PROBLEM TO SOLVE. Down to the last line, reproduce the data that follows, but skip the pictures.

PROVIDED ENTRIES.
────────

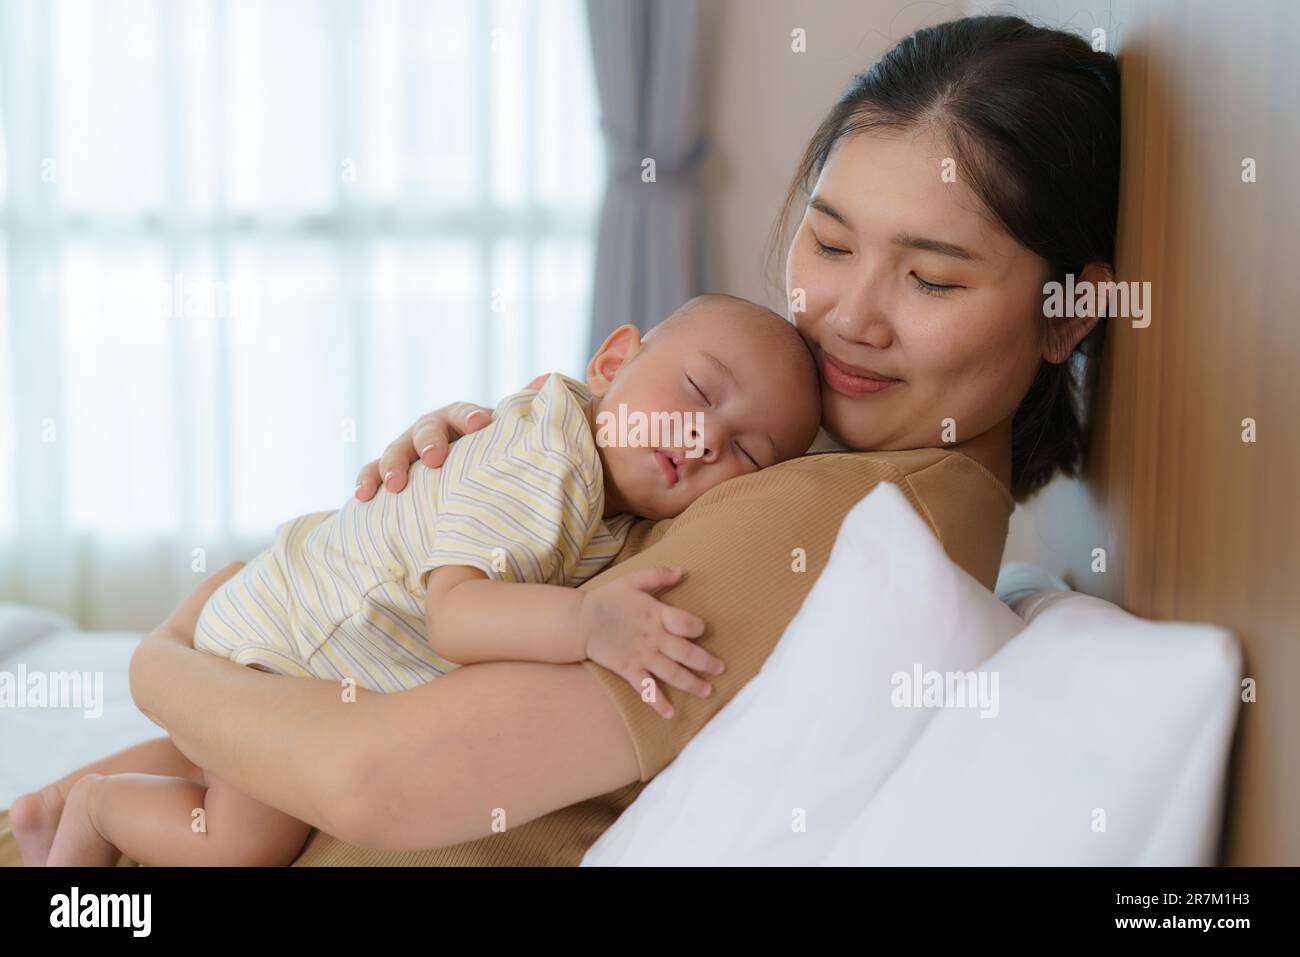 La mère asiatique a embrassé son jeune fils pour qu'elle puisse avoir un bon sommeil dans la chambre à la maison, représente l'amour et la famille Banque D'Images
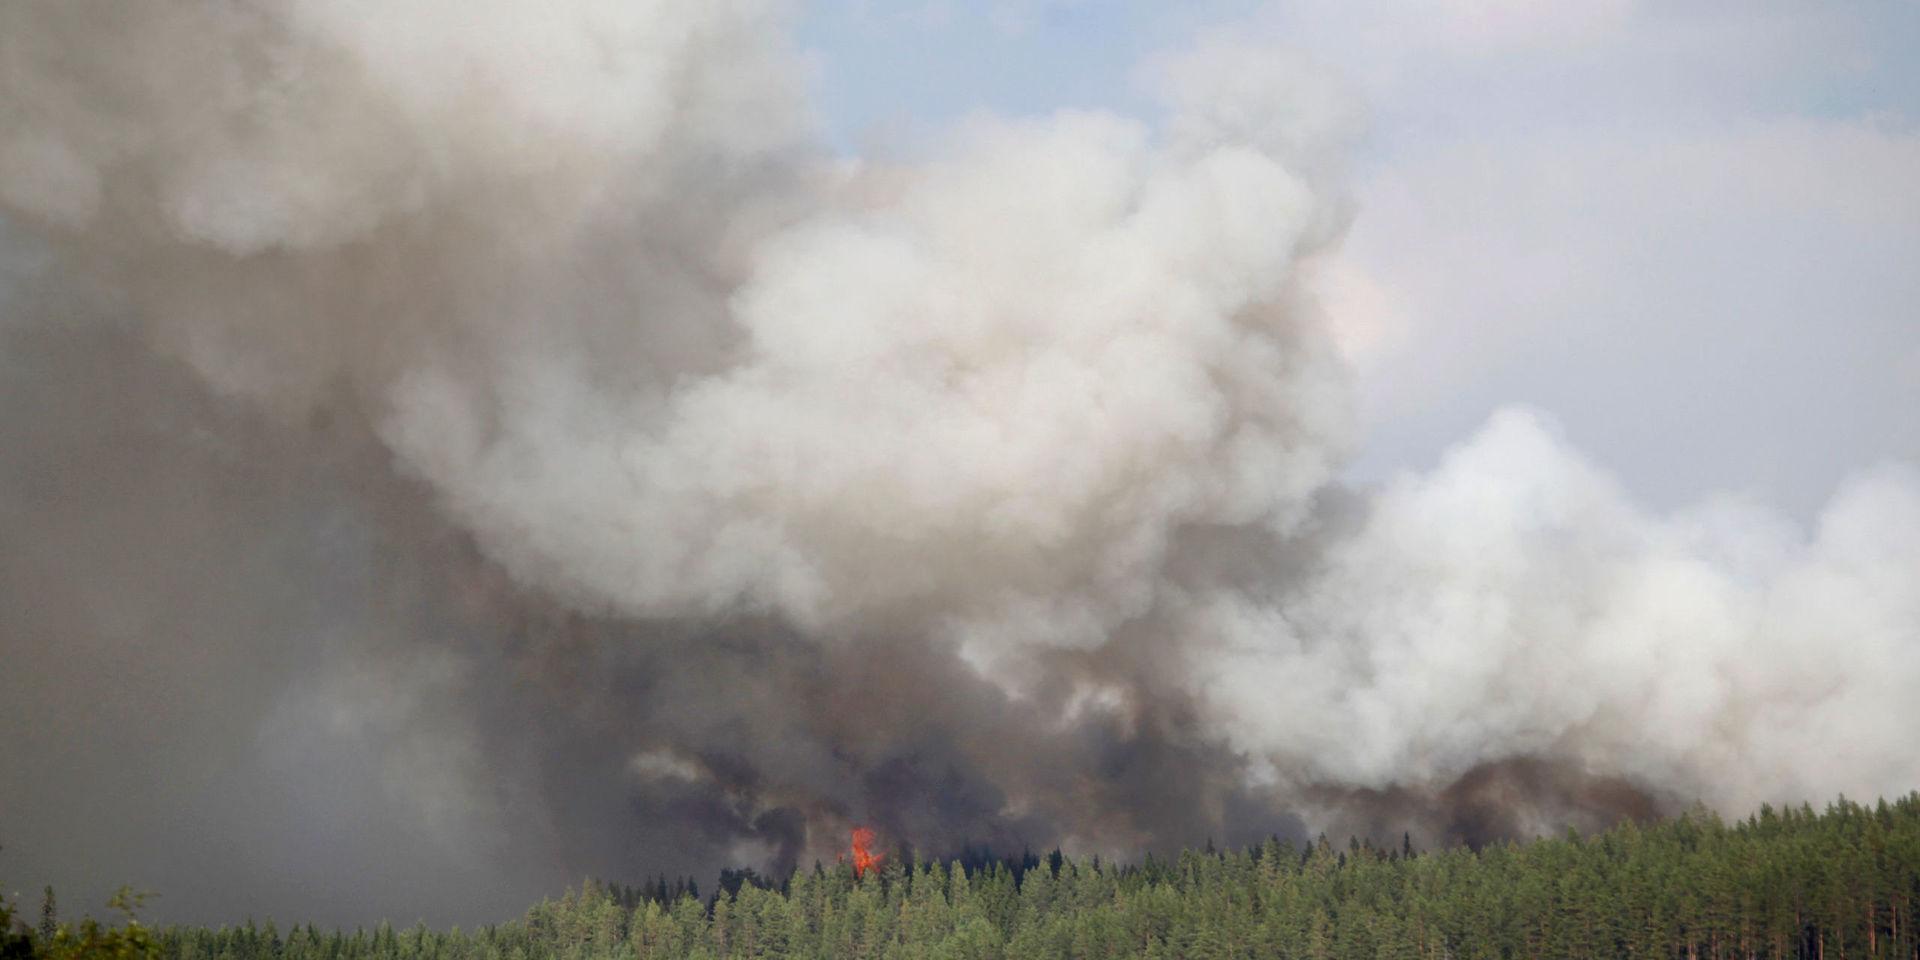 Räddningstjänsten i Göteborg skickar nu medarbetare för att bekämpa skogsbränderna som just nu rasar i Dalarna. Bilden är emellertid från Hammarstrand i Jämtland. 
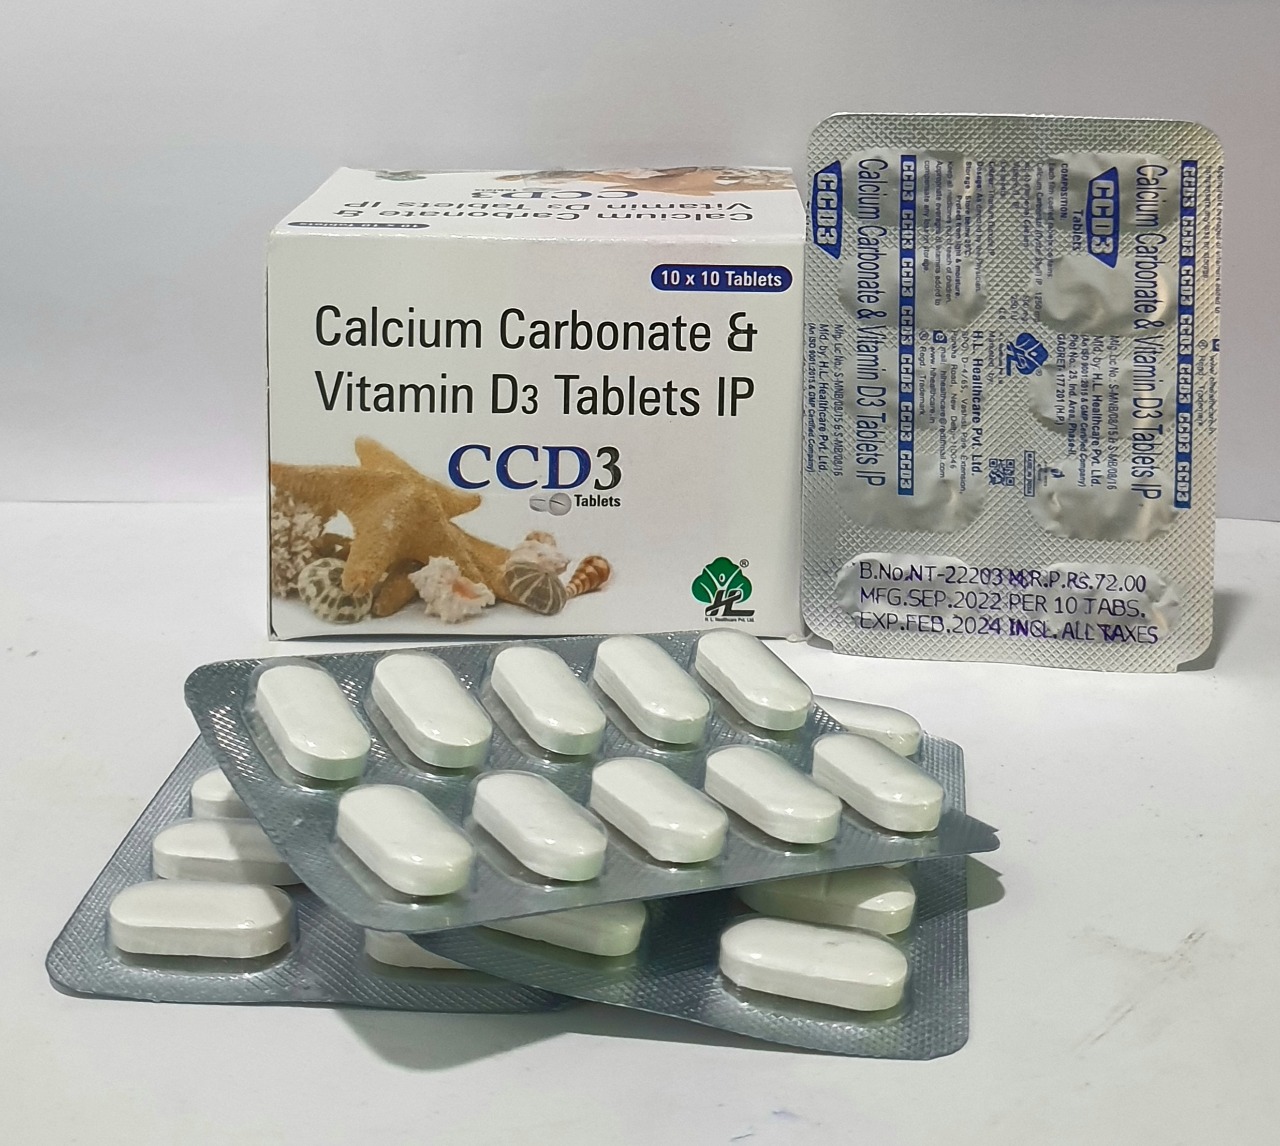 calcium carbonate 500mg +vitamine d3
250 i.u.
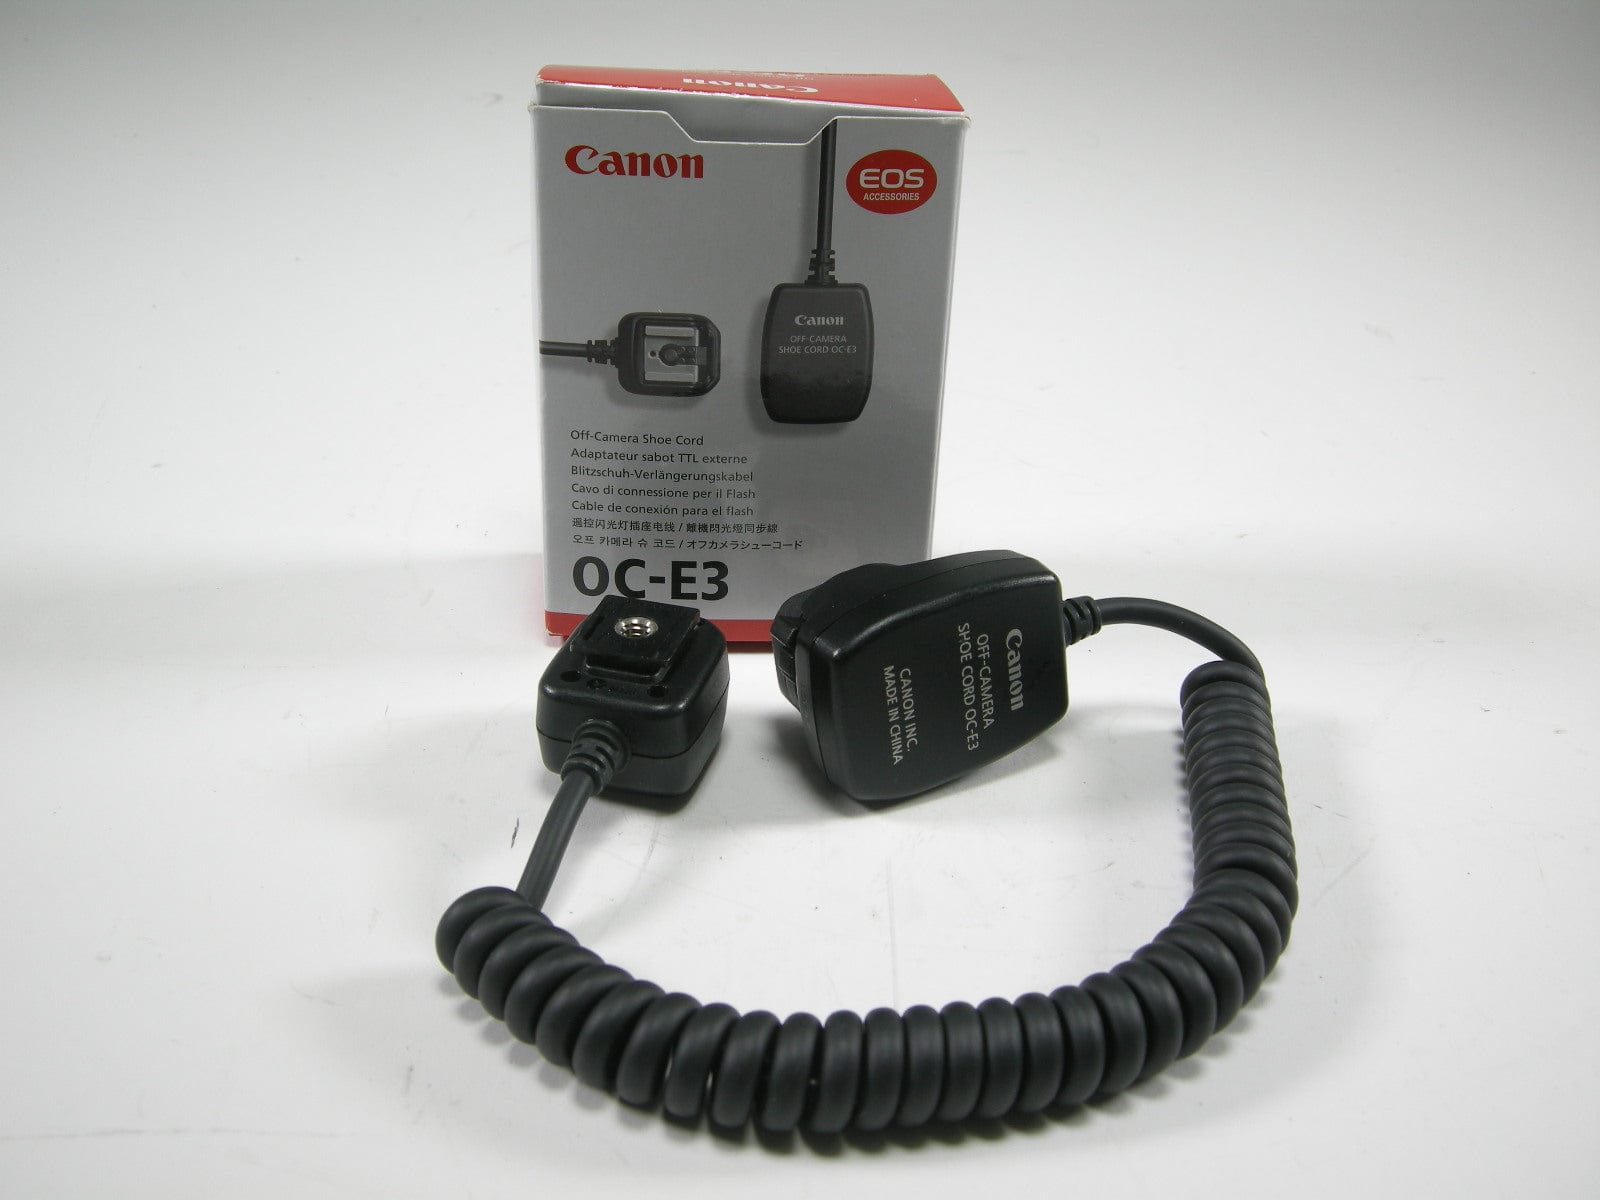 Canon OC-E3 Off Camera Shoe Cord
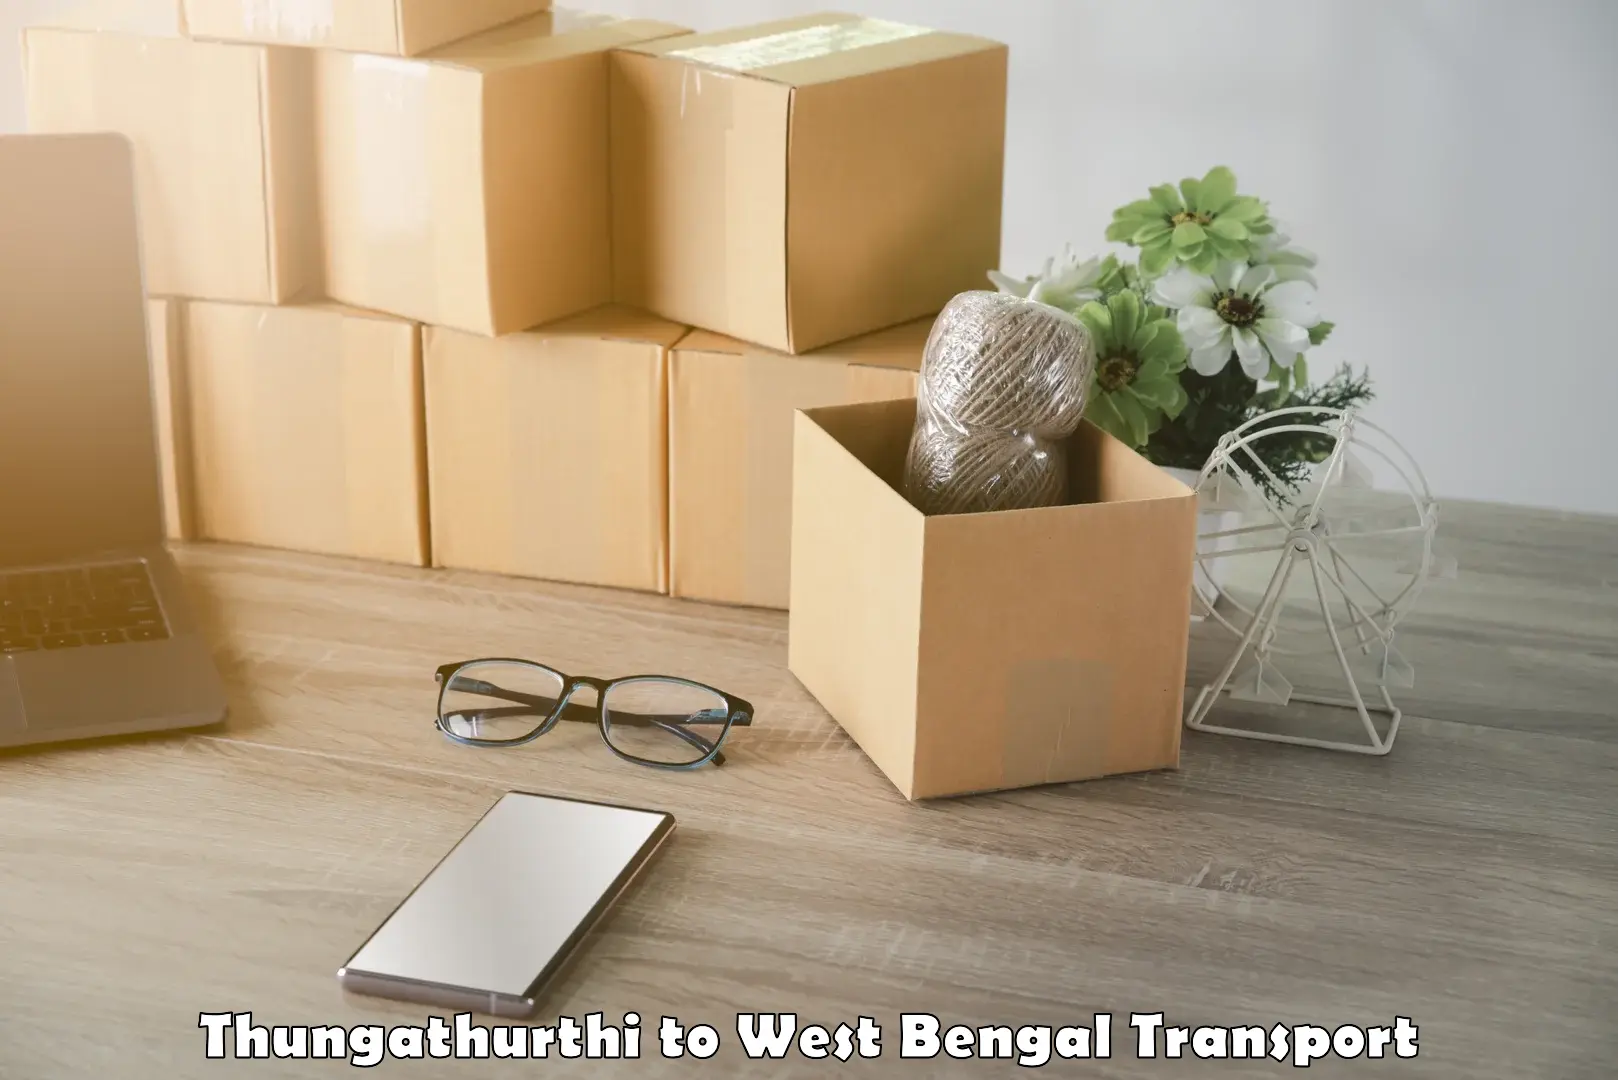 Cargo transport services Thungathurthi to Kolaghat

────────

COMPLETED EXERCISE.
 La mère asiatique a embrassé son jeune fils pour qu'elle puisse avoir un bon sommeil dans la chambre à la maison, représente l'amour et la famille Banque D'Images
 Räddningstjänsten i Göteborg skickar nu medarbetare för att bekämpa skogsbränderna som just nu rasar i Dalarna. Bilden är emellertid från Hammarstrand i Jämtland. 
 calcium carbonate 500mg +vitamine d3
250 i.u.
 Canon OC-E3 Off Camera Shoe Cord
 Cargo transport services Thungathurthi to Kolaghat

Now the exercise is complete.